Lo interesante de este último dato es que, además de situarse en permanente diálogo con sus coetáneos (de la más variopinta condición), la correspondencia más cotidiana le servía a Rousseau como un auténtico tour por los más inextricables secretos del sí mismo: escribir cartas no sólo nos pone en contacto con los otros, sino también y sobre todo con nosotros mismos. El género epistolar, es pues, una forma de autoconocimiento. Las cartas facilitan la entrada a un mundo donde quedamos enfrentados, cara a cara, con nuestro yo: un escenario en el que, desde luego, pueden llegar a rendirse las más terribles batallas. Más terribles que las que libramos con los demás. Lo Otro, lo más extraño, mora en nuestro interior…
Es cierto que, a pesar de la fama que obtuvo en vida (gracias, sobre todo, a sus éxitos literarios e incluso a sus composiciones musicales), Rousseau no logró alcanzar una estabilidad vital ni emocional que le permitiría creerse feliz durante largos períodos, a pesar de que él mismo asegura en una de las misivas recogidas que “el objeto de la vida humana es la felicidad del hombre, ¿pero quién de nosotros sabe cómo se consigue?”.
En el fondo de todas las almas existe un principio innato de justicia y de verdad moral anterior a todos los prejuicios nacionales, a todas las máximas de la educación. Este principio es la regla involuntaria sobre la cual, a pesar de nuestras propias máximas, nosotros juzgamos nuestras acciones y las ajenas como buenas o malas, y es a este principio al que doy el nombre de “conciencia”.
En estas abundantes cartas, topamos con ese Rousseau tan difícil de clasificar por el que a ratos suspiraremos, al que en ocasiones detestaremos, y al que, acaso, llegaremos a admirar y amar. Y todo, además, sobre el fondo de su magnífica pluma, un encanto que ni siquiera el mismísimo Kant pudo sortear. El inmortal filósofo de Königsberg aseguraba que la “fuerza mágica de la elocuencia” de Rousseau le obligó a releer continuamente a nuestro protagonista “hasta que la belleza de su estilo no me distraiga y pueda estudiarlo ante todo con la razón”.
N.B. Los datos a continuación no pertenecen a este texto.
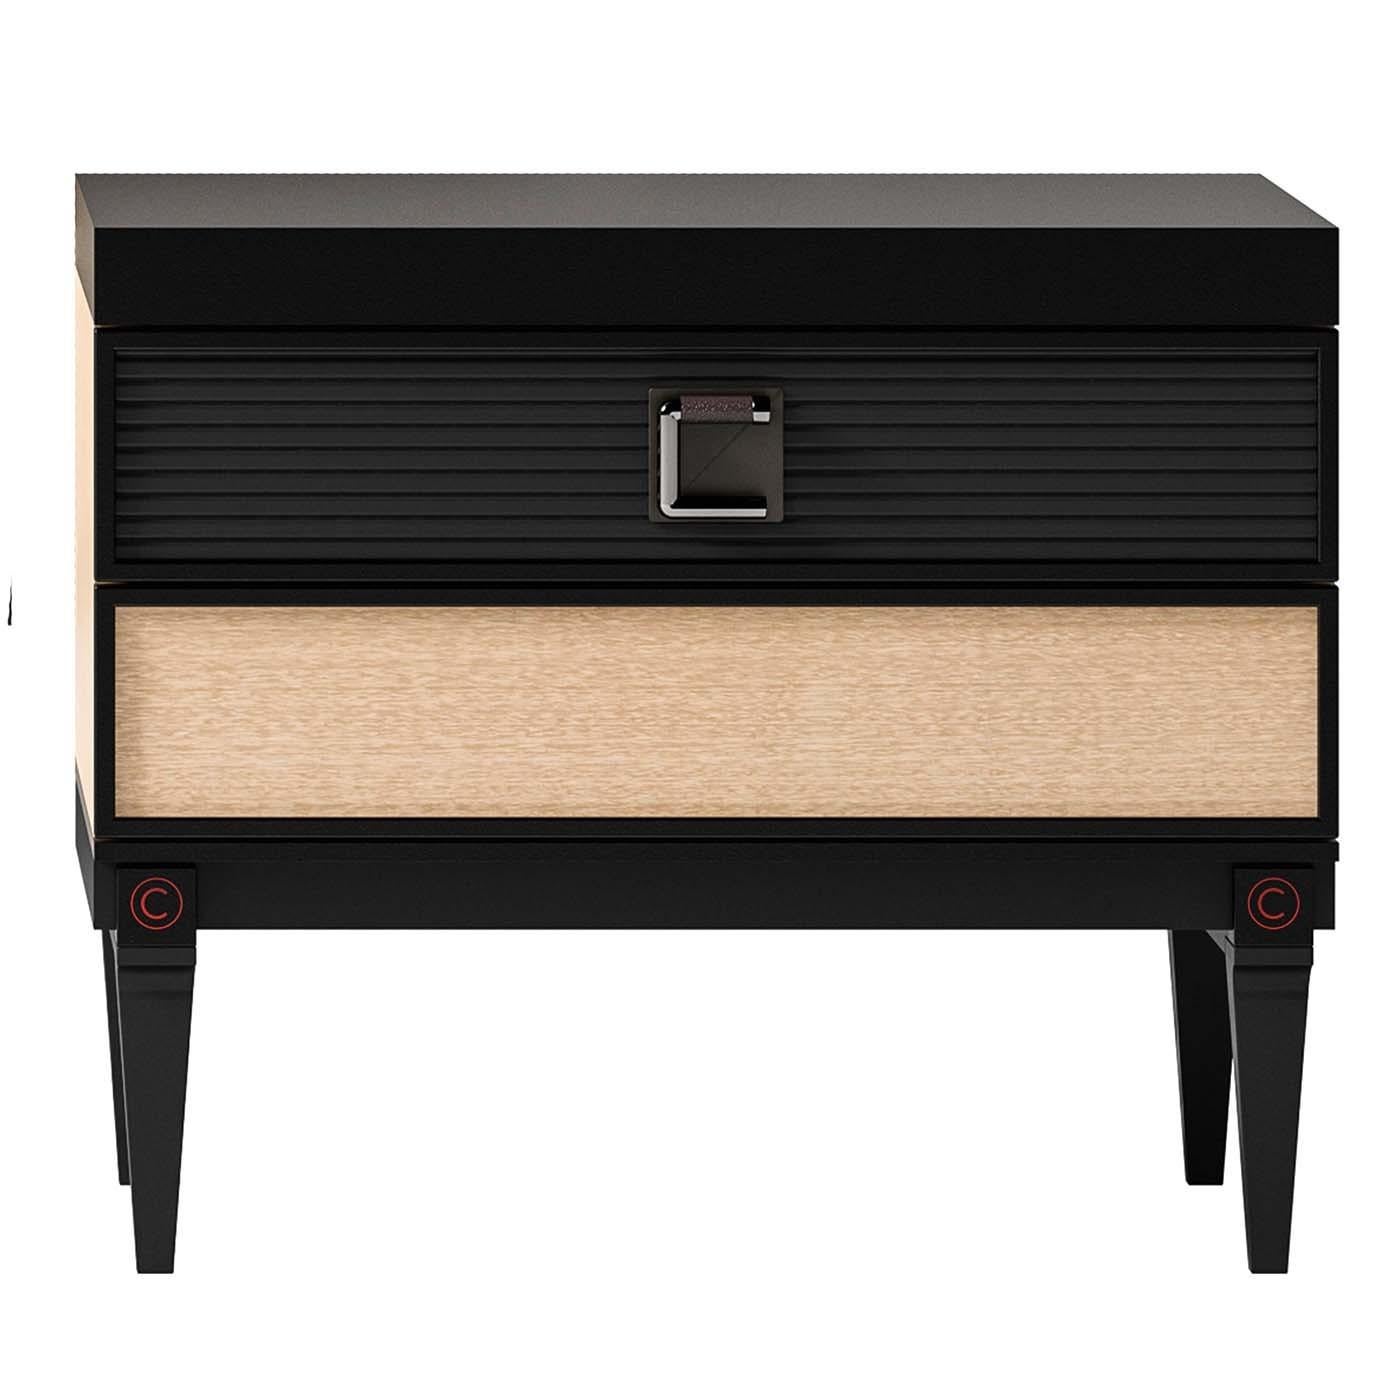 Functional yet elegant, this superb bedside table is inspired by traditional midcentury designs with a sculpted frame and neatly tapered legs. With a stunning eucalyptus veneer, the frame features a black-lacquered finish with beige panels on the

Una de sus convicciones más fuertes fue siempre la bondad natural del hombre. Hoy, cuando se cumple el aniversario de su nacimiento, seleccionamos algunas de sus mejores frases:
"Las cartas de amor se escriben empezando sin saber lo que se va a decir, y se terminan sin saber lo que se ha dicho".
"La falsedad tiene infinitas combinaciones, pero la verdad tiene solo una forma de ser".
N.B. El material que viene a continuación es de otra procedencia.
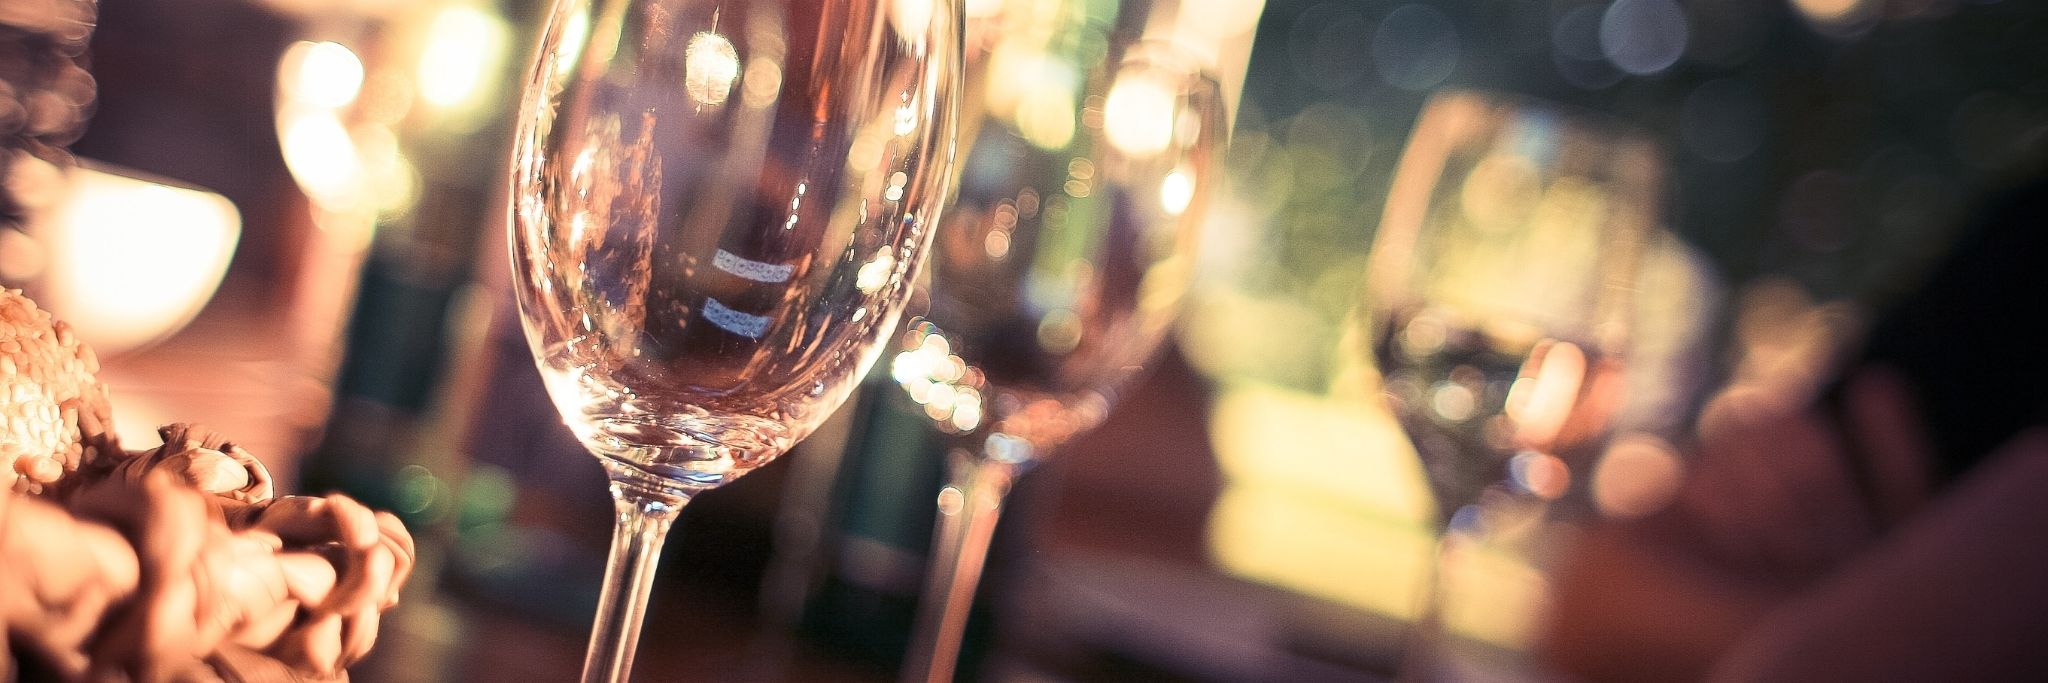 Wine glasses in soft focus on a dinner table

"Siempre es más valioso tener el respeto que la admiración de las personas".
"La única costumbre que hay que enseñar a los niños es que no se sometan a ninguna".
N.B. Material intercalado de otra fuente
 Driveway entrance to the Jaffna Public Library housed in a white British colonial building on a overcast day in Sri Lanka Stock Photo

"La juventud es el momento de estudiar la sabiduría; la vejez, el de practicarla".
"No conozco mayor enemigo del hombre que el que es amigo de todo el mundo".
"El hombre que más ha vivido no es aquél que más años ha cumplido, sino aquel que más ha experimentado la vida".
"El hombre es bueno por naturaleza, es la sociedad la que lo corrompe".